Status: this preprint is open for discussion and under review for The Cryosphere (TC).

Satellite-Based Extension of the Soil Freezing Curve Paradigm: Detecting Extrinsic Freeze/Thaw Thresholds with SMAP in Mid-Latitudinal Agricultural Fields

Renato Pardo Lara, Andreas Colliander, Erica Tetlock, Jarret Powers, Jaison Thomas Ambadan, and Aaron Berg

Abstract. We present a novel method for surface freeze/thaw (F/T) classification based on L-band brightness temperature (T_B), as measured by the Soil Moisture Active Passive (SMAP) mission, combined with thermodynamic temperature estimates, whether in situ or derived from near real-time model output. Variations in the cryosphere have significant, lasting impacts on physical, biological, and social systems, and act as sensitive indicators of climate change. Remote sensing at microwave frequencies is uniquely suited for monitoring the cryosphere’s spatial and temporal dynamics. Indeed, SMAP was tasked with providing a daily classification of the surface F/T state as one of two primary mission goals. Although surface F/T events are extrinsically driven phenomena, most existing classification algorithms rely on intrinsic thresholds – those derived from single-variable observables – that may not accurately reflect in situ conditions. Meanwhile, soil physicists have long used a robust framework to study the relationship between unfrozen water content and sub-freezing temperature, known as the soil freezing characteristic curve (SFC). These curves, and to a lesser extent their soil thawing characteristic curve (STC) branches, have been well studied in laboratory settings using a variety of instruments and methods. These concepts have not been extended to remote sensing (RS) until now.

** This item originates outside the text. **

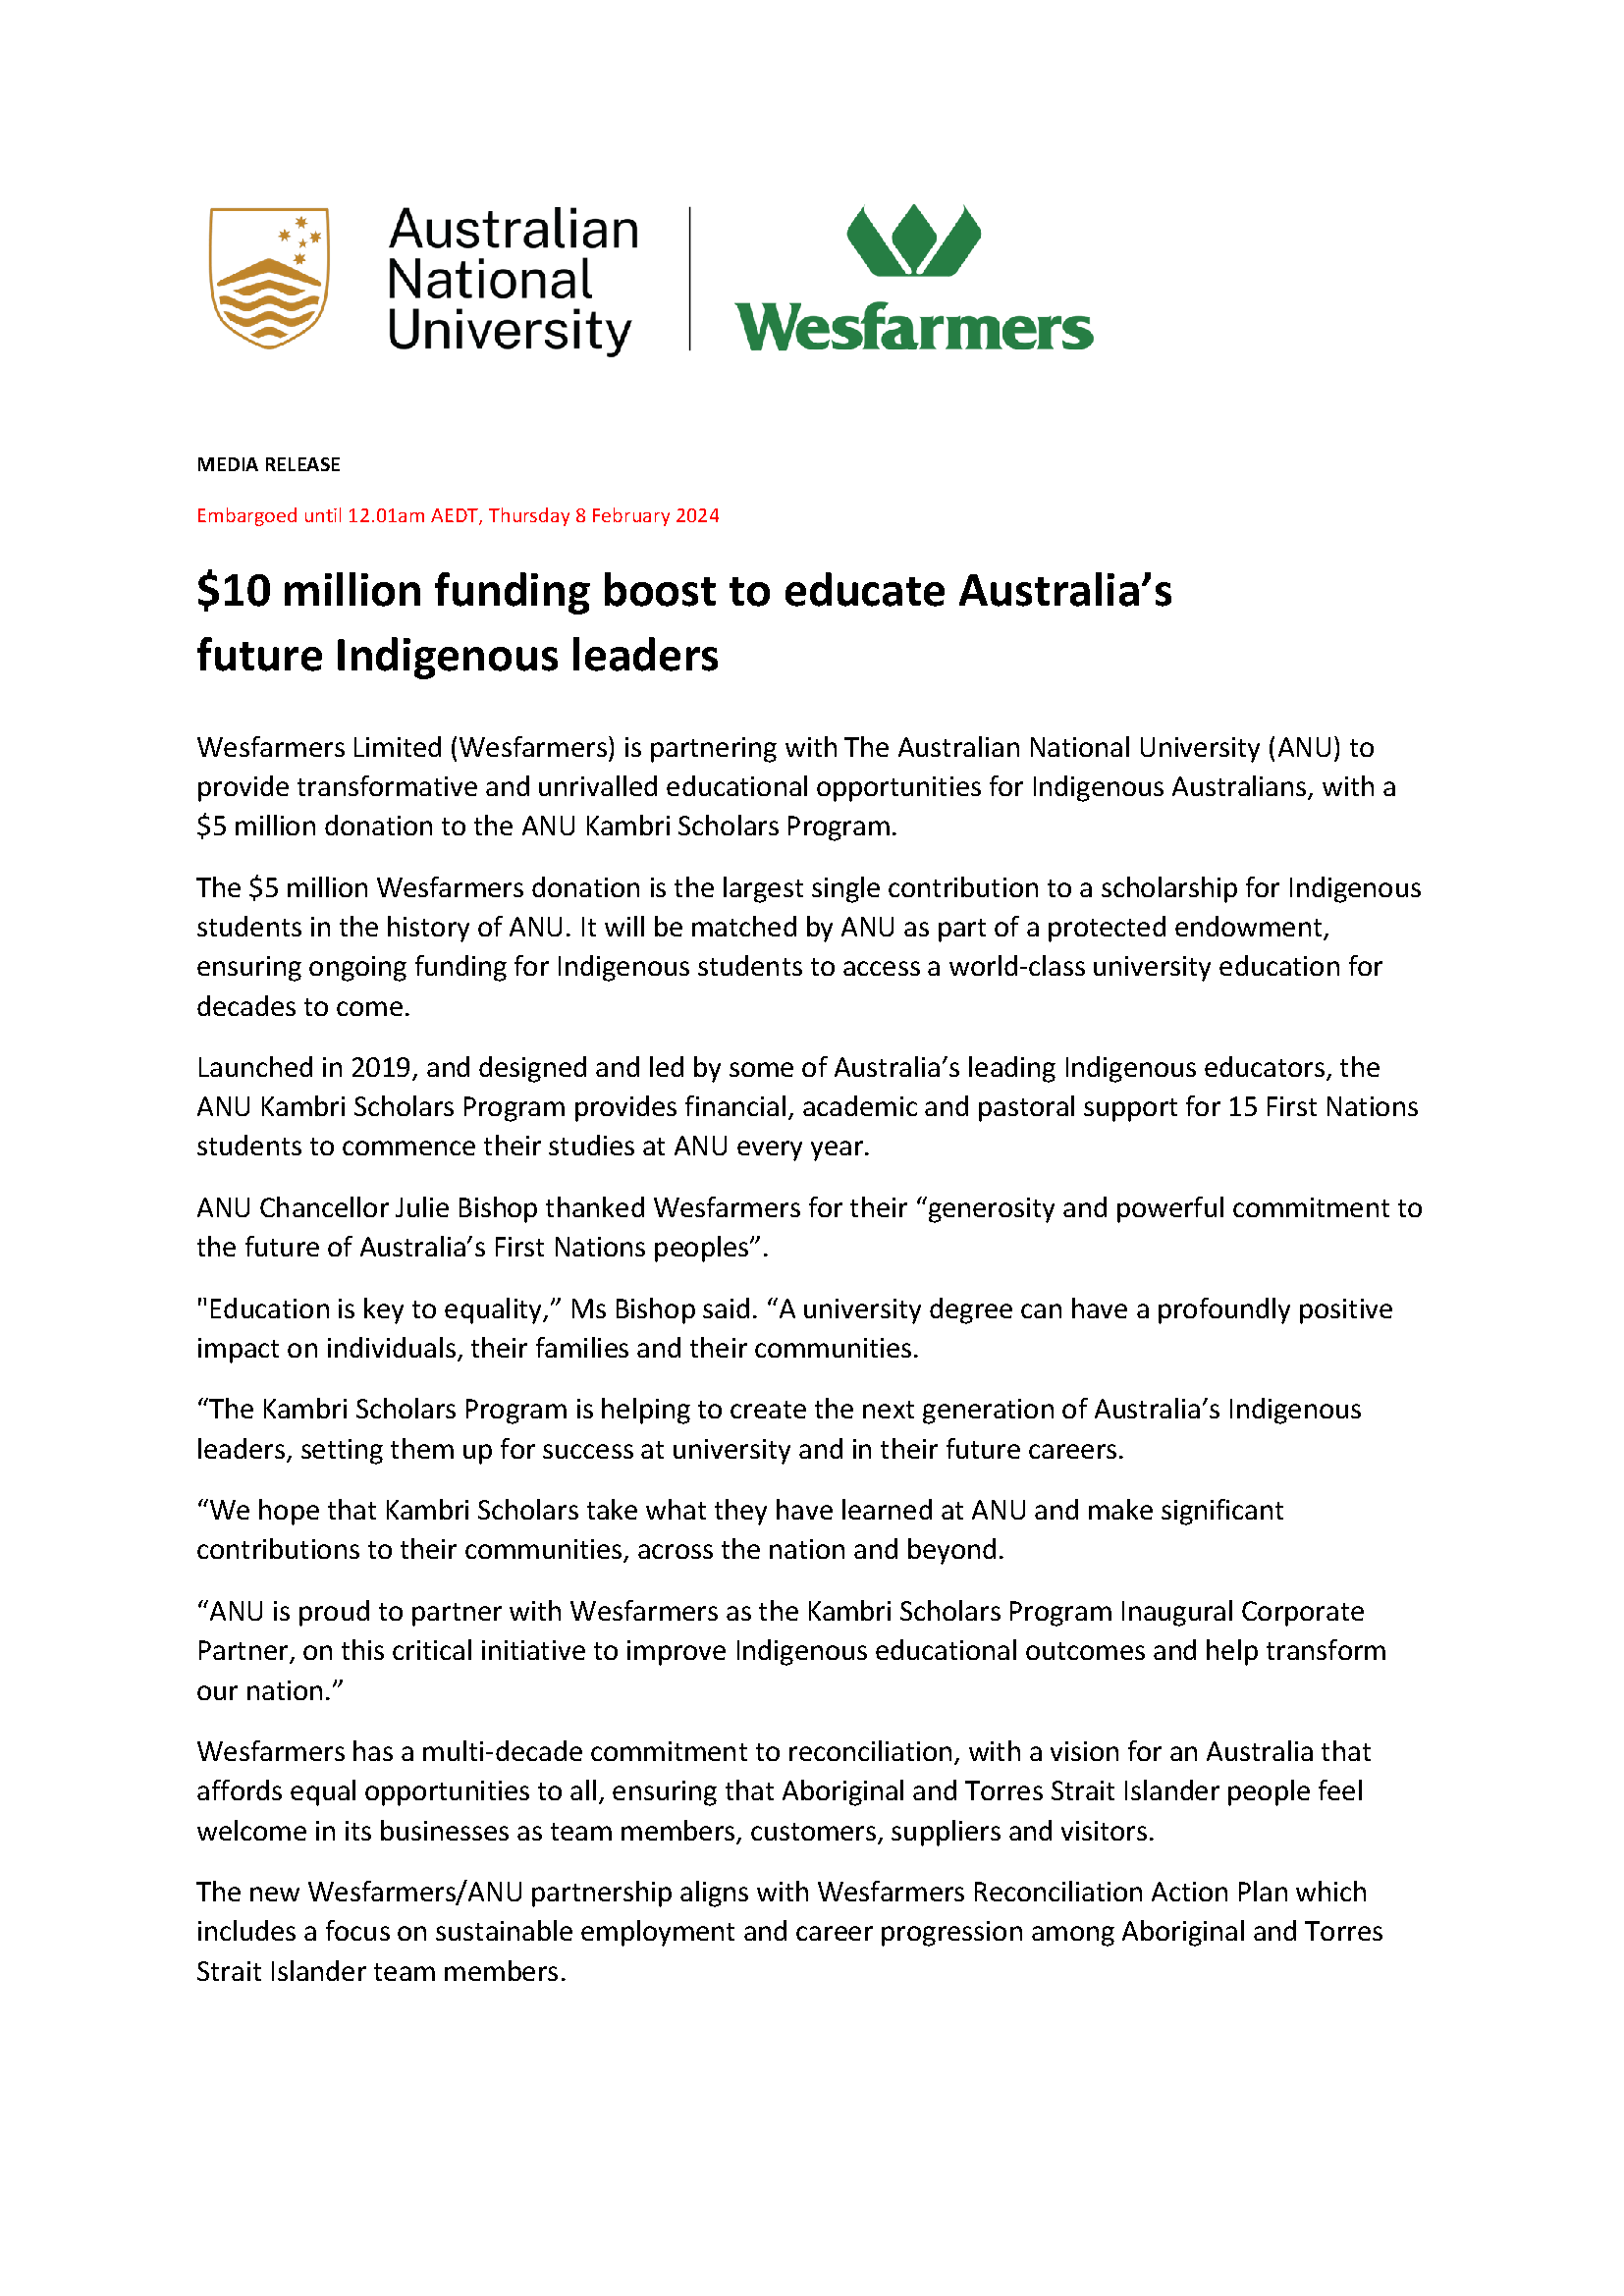 $10 million funding boost to educate Australia’s future Indigenous leaders

The remotely sensed surface freezing characteristic curves (SurFCs) introduced here are the satellite-pixel-scale counterpart to SFCs. SurFCs are constructed with SMAP T_B measurements, which are inversely correlated with water content, along with thermodynamic temperature records at two mid-latitude sites. We used in situ temperature data from SMAP core validation sites near Kenaston, Saskatchewan and Carman, Manitoba, covering a combined total of nine years, alongside modelled temperature estimates from the Goddard Earth Observing System Model, Version 5 Forward Processing product (GEOS-5 FP). SurFCs constructed with in situ soil temperatures showed a structure like that of SFCs, including analogue thawing branches, identified as surface thawing characteristic curves (SurTCs). Lastly, we show SurTCs can serve as a tool for identifying extrinsic thresholds – transition points linked to both the system’s physical state and its external drivers – enhancing the realism and operational accuracy of satellite-based F/T classification. Overall, the proposed T_B^H_min approach improved detection accuracy by 39.4 % compared to the widely used Normalized Polarization Ratio (NPR) method.

This analysis challenges the prevailing assumption that 0.15 °C is a universal F/T threshold. Instead, we argue that the threshold should be determined from measurements of the system’s physical response and environmental forcing (SurFC/SurTC). Although useful, a 0.15 °C classifier is not uniformly applicable across freeze–thaw phenomena or measurement methods.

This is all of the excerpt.